The association last week filed a lawsuit, challenging the department’s action, and sought a restraining order, which a New York District Court judge granted Wednesday, preventing the Labor Department from eliminating jobs and removing students from the residential programs. The lawsuit, along with calling attention to the loss of training, jobs and homes for students, alleges the Trump administration does not have authority to end the program, for which Congress already had allocated funding.

And it could be a mistake to assume Congress will rubber-stamp President Trump’s plans to end the program altogether in the next budget. The program has had and continues to have strong bipartisan support, as noted by U.S. Rep. Rick Larsen, D-2nd District, even from the Labor secretary herself when she was a member of Congress last year for Oregon’s 5th District.

“One year ago, my former House of Representatives colleague Lori Chavez-DeRemer signed onto a letter supporting funding for the Job Corps program. Today, as the Secretary of Labor, she has closed the program,” Larsen noted in a statement.

The same letter was signed by 113 members of Congress, from both parties.

Larsen criticized the attempt to end the program, citing the loss of opportunities for disadvantaged youths and young adults and the loss of jobs for instructors and others as “a part of the Trump administration’s efforts to give a tax break to the richest Americans and wealthiest corporations.”

Also expressing opposition to the Labor Department’s move was Sen. Susan Collins, R-Maine, chair of the Senate’s Appropriations Committee, who said her state’s two Job Corps centers “have become important pillars of support for some of our most disadvantaged young adults.”
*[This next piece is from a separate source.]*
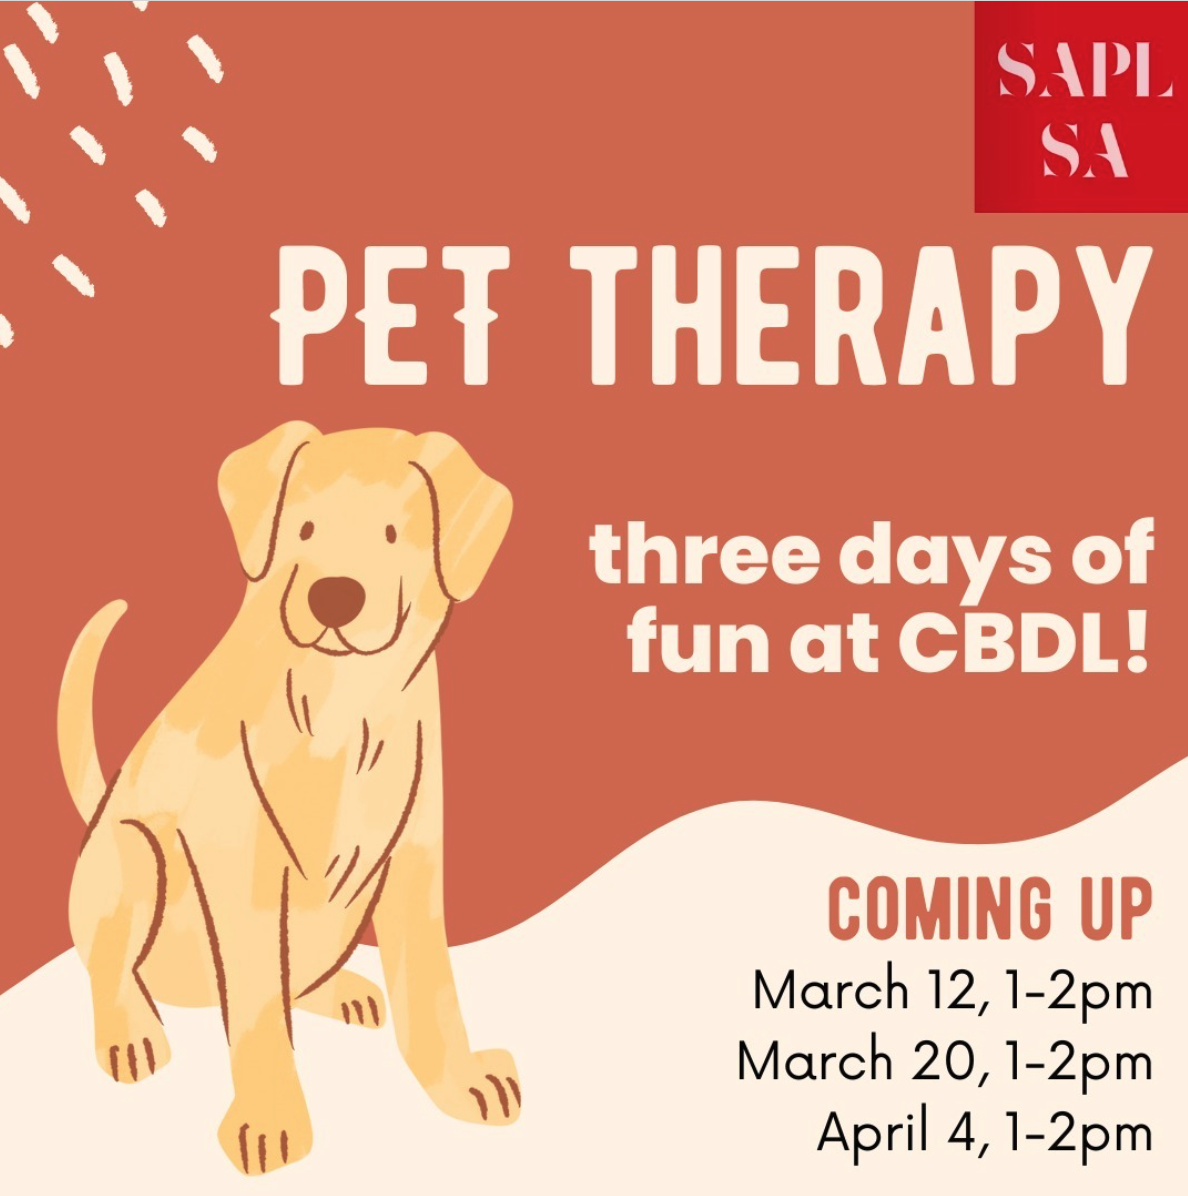 SAPLSA Pet therapy

Collins was joined by her committee’s ranking member, Sen. Patty Murray, D-Wash., who in a blunt post on X said: “For 60+ years, the Job Corps has helped millions of young people get workforce training & land good jobs, especially in the trades. Trump is shutting down programs NOW, ignoring the funding Congress provided. So much for having workers’ backs. These cuts must be reversed.”

The U.S. Chamber of Commerce in its most recent workforce report finds that there are more open jobs than available workers, a situation experienced by companies of every size and industry, with workers of every level of education and training needed.

The need is even sharper in Washington state, where the Washington Roundtable has forecast 1.5 million job openings in the next decade, 75 percent of which will require post-secondary credentials, including 45 percent of positions that will require at least a bachelor’s degree. But the first step to post-secondary credentials and the jobs that follow, of course, is that equivalent of a high school diploma, which opens up training in trades, apprenticeships and further education and careers.

Scuttling the Jobs Corps program trades short-term budget cuts for an even greater gap in the jobs that America must fill and those available to work them, and dooms too many to low-paying jobs and long-term unemployment.